For those who would think fatherhood has warped Chris Martin’s sweet-as-young-love arrangements or dutiful lyrics, fear not. Nothing has changed — not even a little bit. In fact, Coldplay’s newest album, X&Y, is proof that the quartet can still pound out beautiful songs no matter the mood. Martin’s judgment as to what makes a quality song is as about as good as his child-naming abilities are questionable.

Music Reviews
“Must name child after produce item … must ignore all other advice.” (Courtesy of Capitol)

For those of you just joining us from Siberia, 2002 was a lucrative year for Coldplay. Still riding the wave of success from their 2000 debut Parachutes, the boys released A Rush of Blood to the Head. Fans were thrilled, the band was pleased, millions were sold, proms had their closing song and everything was gravy. Now, three years later, Coldplay seems like they really want to do it again. Stuck in between the Cocteau Twins-aping emotional downpour of A Rush of Blood to The Head and the confession-booth personal Parachutes, X&Y doesn’t touch any emotional peaks but skirts along everywhere in between pleasantly.

X&Y opens strongly with “Square One,” which boasts a driving backbeat and Martin’s signature vocals punctuating the song in a mess of quiet glory. “White Shadows” begins with a ghostly, almost haunting sound. The energetic drum work and unique rhythm make it one of the most attractive songs on the album.

But the real gem on X&Y is “Fix You.” The lyrics (“When you lose something you can’t replace / When you love someone but it goes to waste / Could it be worse / Lights will guide you home … and I will try to fix you”) might seem corny, and they kind of are, but it’s the kind of corn Martin feasts on.
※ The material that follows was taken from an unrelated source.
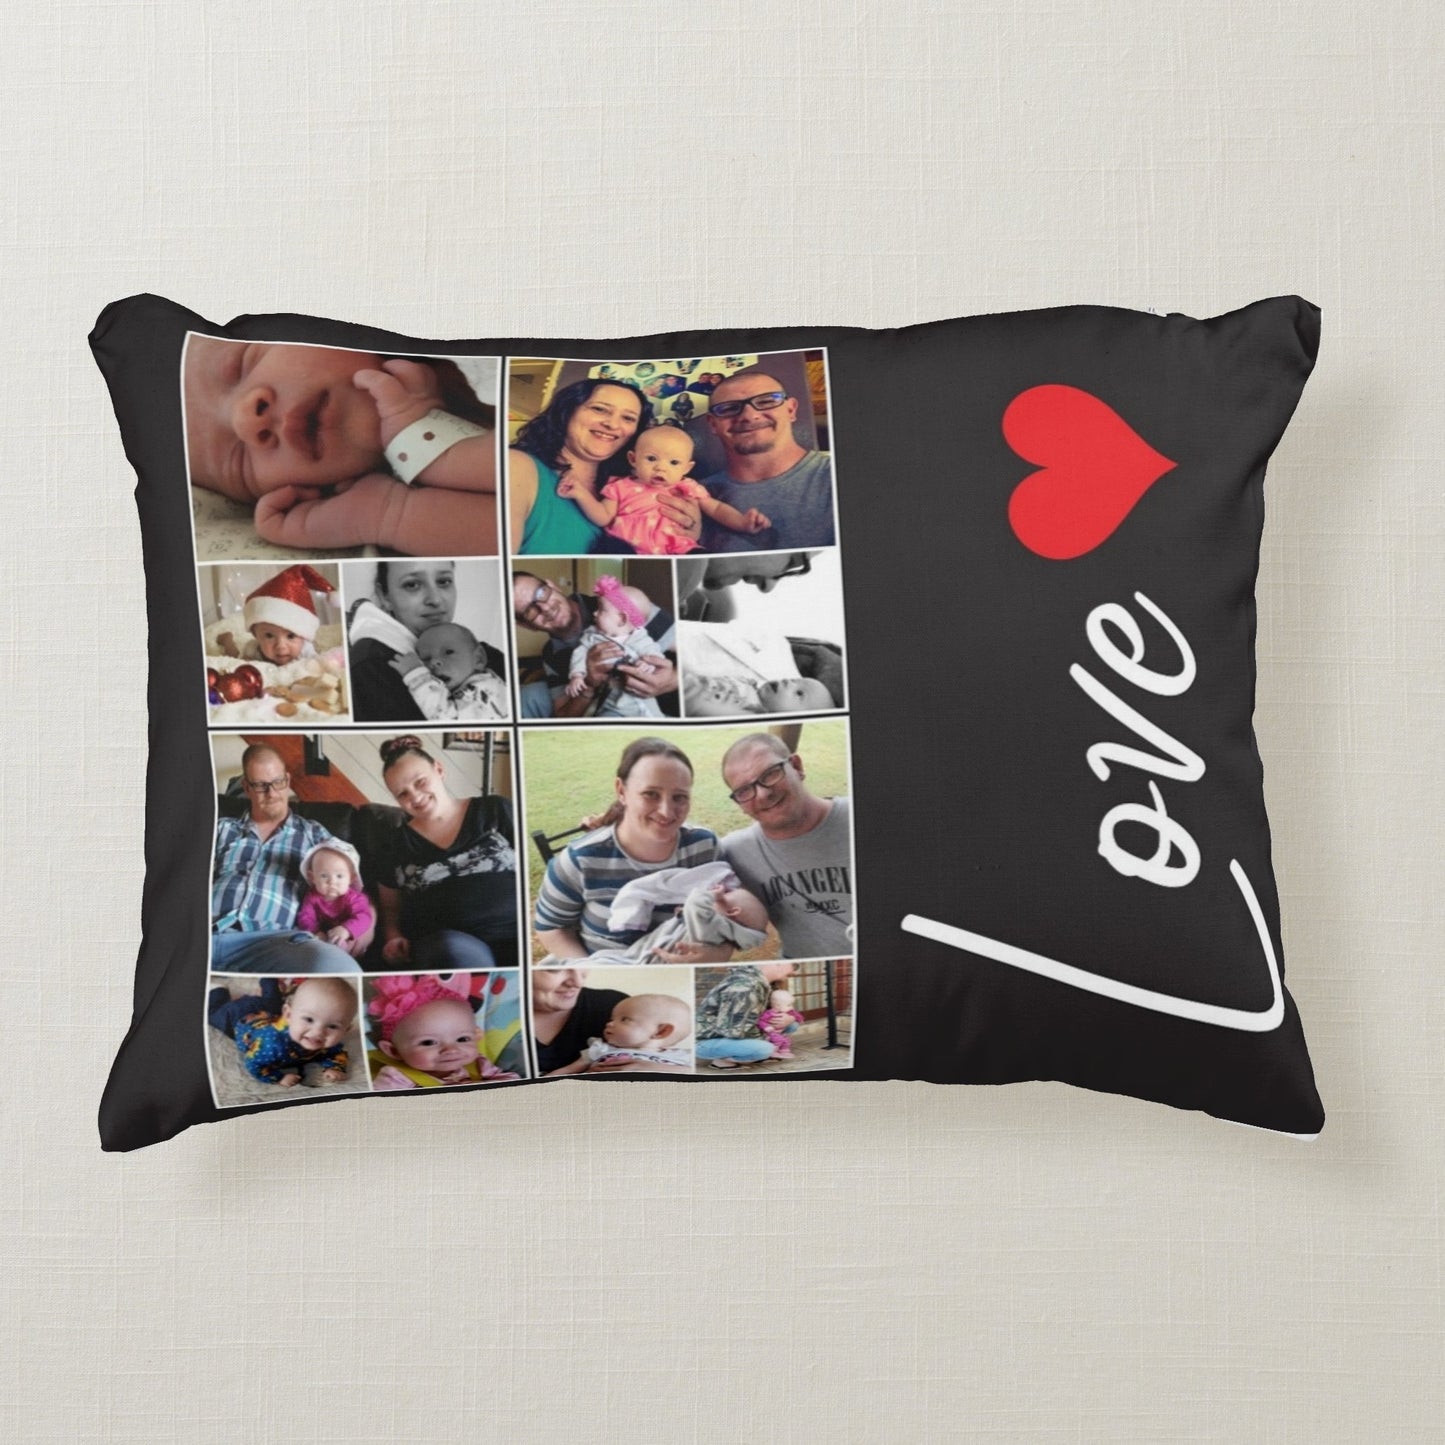 Personalised Pillows

Here, Martin is at his most sincere and vulnerable. Most of Coldplay’s new fans will be able to relate to these lyrics, especially maudlin teens who think of the band as three random dudes and that guy who married Gwyneth Paltrow.

The strongest songs on X&Y are those with a sparse guitar or piano behind Martin’s vocals. “A Message” is an excellent example; the minimal instrumentation creates a tighter, more lyrical focus. “What If” also fits the mold and tacks on an exciting buildup that drives the song to a close.

While the album is mostly made up of the kind of Coldplay songs we have grown to love, X&Y is not without its faults. The electronic “Talk” misses with a bland, wank-ish guitar and becomes obnoxious after a few listens.

The lead single “Speed of Sound” is also not one of Coldplay’s finest efforts. Cut from the “Clocks” cloth, the dreamy keyboard ballad isn’t really notable for any reason other than the stunning, inexplicable fact that Coldplay tapped it for the first single.

Obviously the die-hard Coldplay fans will eat this up, but for a genuine hype-behemoth like this, shouldn’t there be more answers than puzzles?